How many of you lie awake half the night wracked with anxiety?  Do you realize that too much stress and anxiety can wreak havoc with your health (especially your adrenal glands)?  They have found that sleep deprivation is a critical factor in weakening immune systems?  Researches say the average person needs between 7 and 8 hours of sleep a night (this means some may need more some less).  Oh, those same researches discovered that we can’t “catch up” on missed sleep by sleeping in on the weekends or taking naps.  This 7-8 hours of sleep needs to be consecutive hours and nightly!

In Psalms 4:8 it is written:  “I will lie down and sleep in peace, for you alone O Lord, make me dwell in safety.”  Hmmm, did you notice the phrase “I will”?  That means it is a decision I make not just something that happens (though I have seen children run and run and run until they drop and fall sound asleep).

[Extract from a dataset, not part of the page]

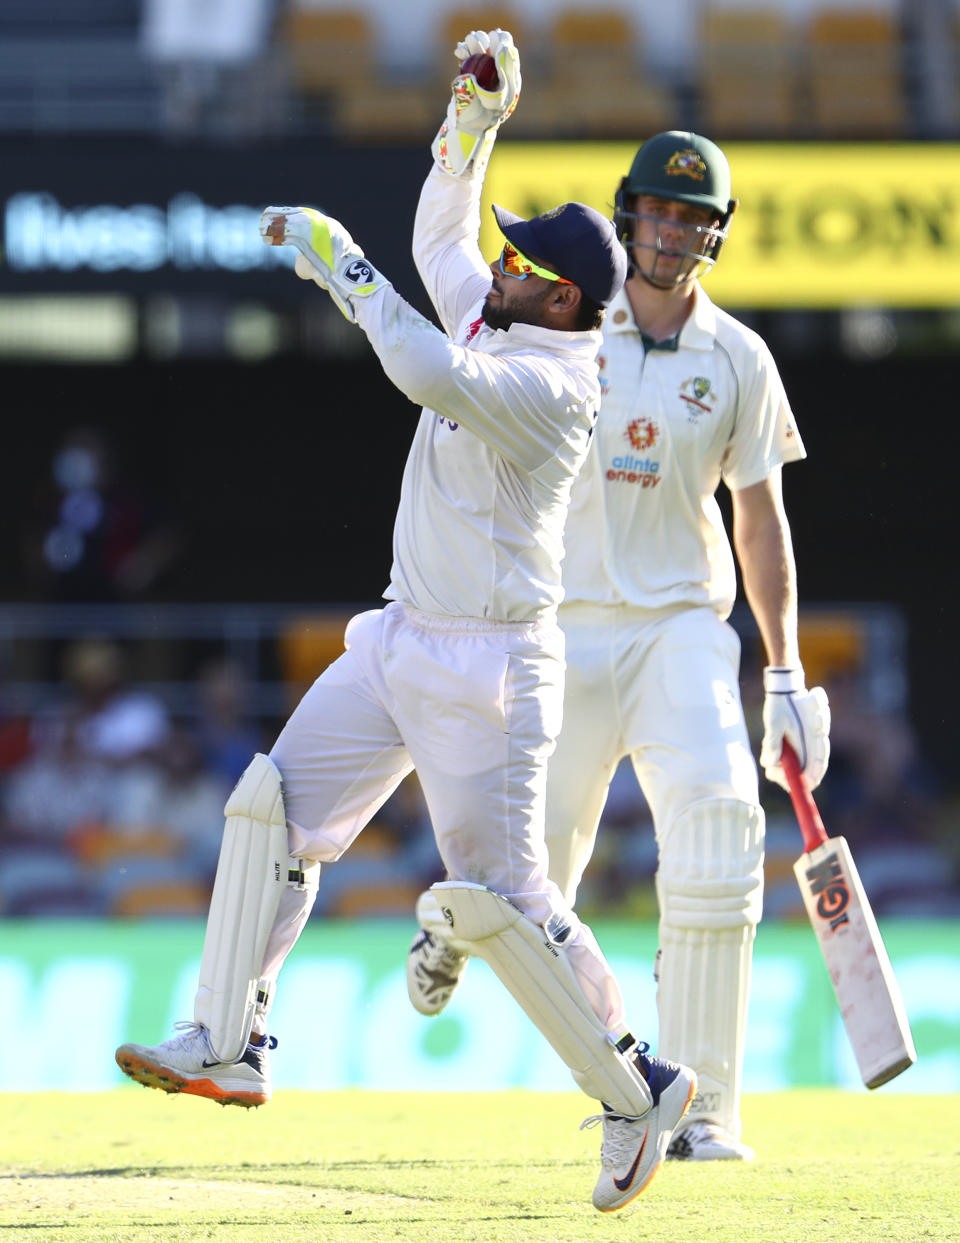 India's wicketkeeper Rishabh Pant catches the ball during play on the first day of the fourth cricket test between India and Australia at the Gabba, Brisbane, Australia, Friday, Jan. 15, 2021. (AP Photo/Tertius Pickard)
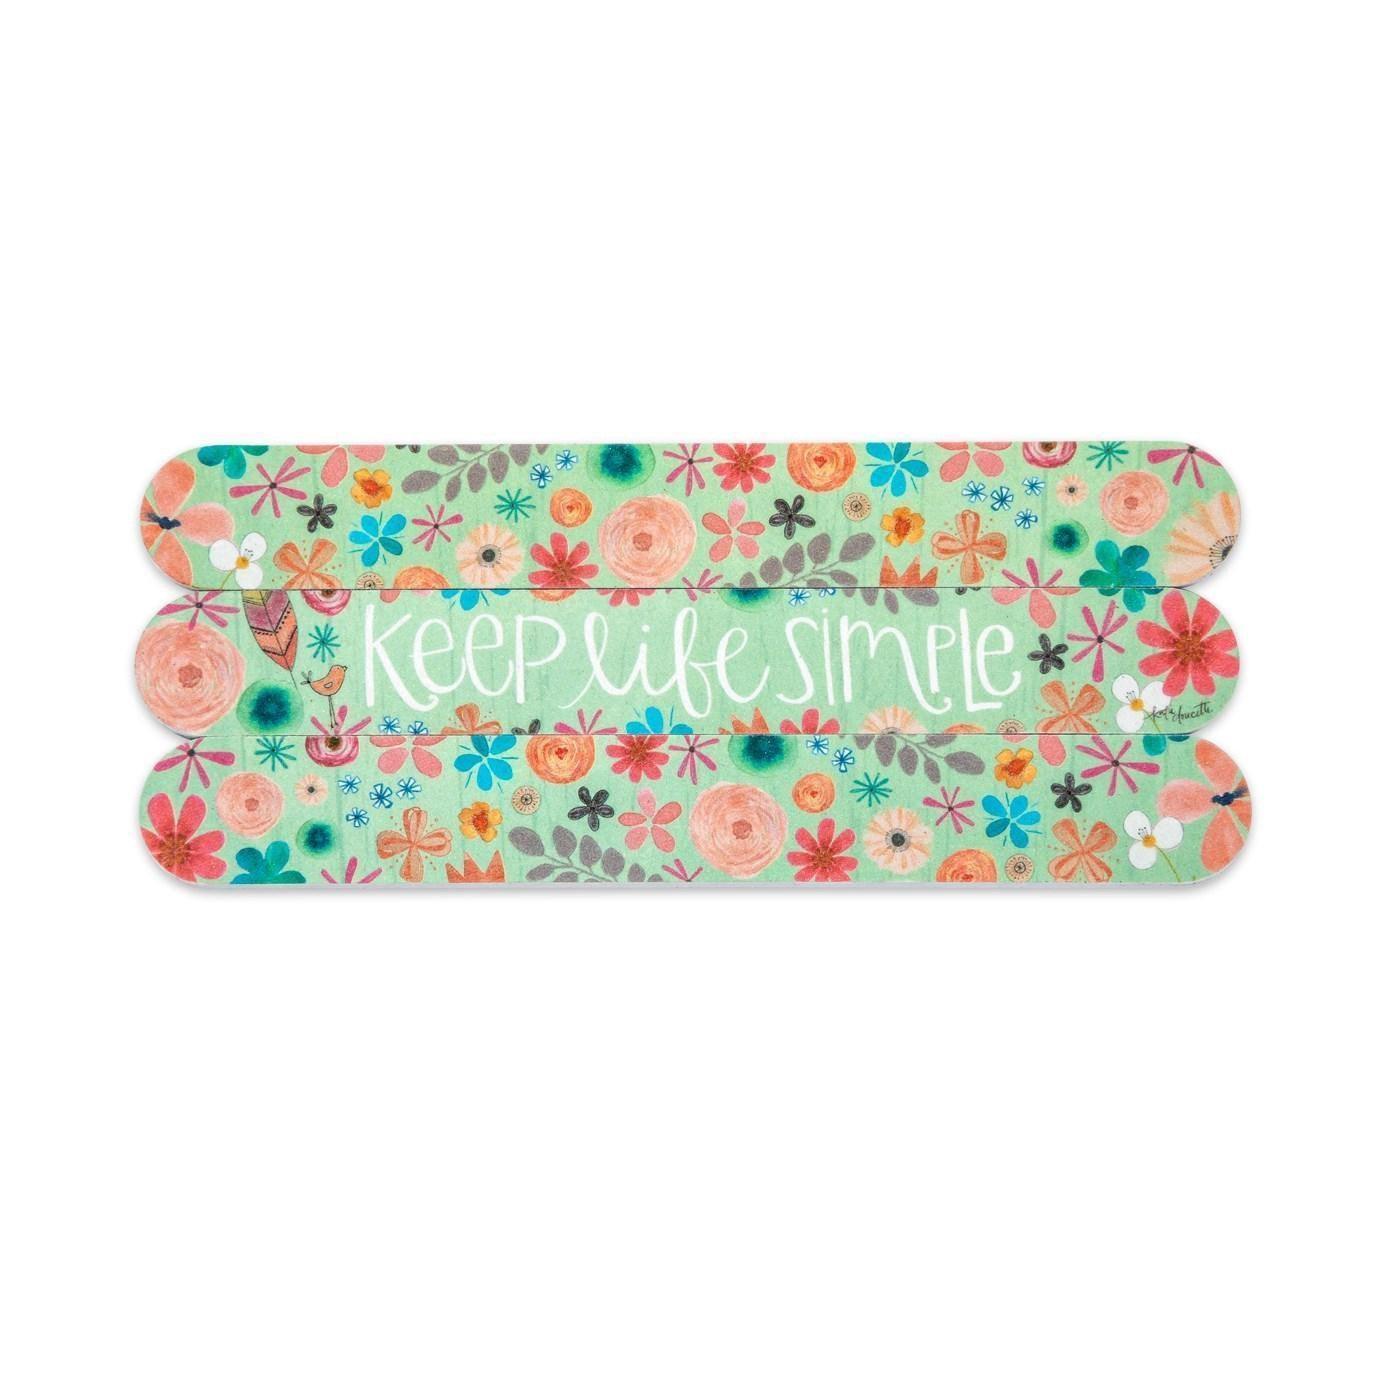 Keep Life Simple Emery Board - Sunshine and Grace Gifts

I know, now you are saying, but wait… I go to bed and end up tossing and turning — I can’t sleep, I’ve tried.  Well, Donna has some suggestions of several practical things you can do to prevent anxiety from keeping you from your much needed sleep:

  • Modify your eating habits. Eliminate caffeine, or at least cut it out after noon.  Minimize your sugar intake and eliminate all sweets and refined carbs after dinner (ooh, that one is a tough one to swallow).  She suggests that if you have to have a treat — eat it after lunch.
  • Create the right environment. The researchers discovered that the ideal sleep environment was a dark, quiet and cool room.  They also discovered that people need to turn down the lights, eliminate the cell phones/computers and even TVs in the time before bed to signal the brain it’s getting time to sleep.  Think back to the time before electricity — the sky gradually darkens and it becomes too dark to do much more than sleep.  They also recommend that you not exercise before bedtime (if you must exercise in the evening try to do it so you are done at least 2 hours before bedtime).  Your mattress should be supportive and less than 10 years old (oops, need a new one of those as mine is older).  You should wash your sheets at least weekly and reserve the bedroom for sleeping.  (No using it for arguing or bill paying.)
  • Establish a nighttime routine. Think back to when your children were small (if they aren’t now), didn’t you have a bedtime routine for them?  What happened on the nights that the routine didn’t get followed?  Did the children have a harder time falling asleep?  Well, we are the same way — a routine tells us what comes next.  A bath at night is a great way to unwind and prepare for bed.  Why?  Well, a bath typically raises the body the temperature while in it and lowers it when you get out — this drop in temperature typically tells the body it is time to rest.
  • Keep your Personal Notebook by the bed. When you start tossing and turning, reach for your notebook and jot down whatever thoughts are keeping you from falling asleep.  Now, you can forget about them until morning because they are safe and sound in your notebook.
  • Engage in positive conversations. Instead of ending the day with a conversation with your spouse that includes all the things that can and/or did go wrong, try ending it with a positive one.  If you really must discuss the things that can and/or did go wrong at the end of the day when the children are in bed, then try to do it earlier in the evening so you can end the day with an upbeat conversation.

Practical Application:
Write out your proposed bedtime ritual along with some thoughts on how following this routine will improve your life.  Now, commit to going to bed on time, every time!

I commit to going to bed at 11:00pm.  (Now, I’m going to admit this — the nights that my husband is off we tend to stay up later, but I strive to be in bed no later than midnight even then.  My husband works nights so when he is off he is attempting to be on the same schedule the boys and I are on that’s why we often end up staying up a little later on his nights off.)

Notebook: Label a second tab:  PERSONAL.  Create a page entitled EVENING ROUTINE — write your bedtime routine, including a specific bedtime.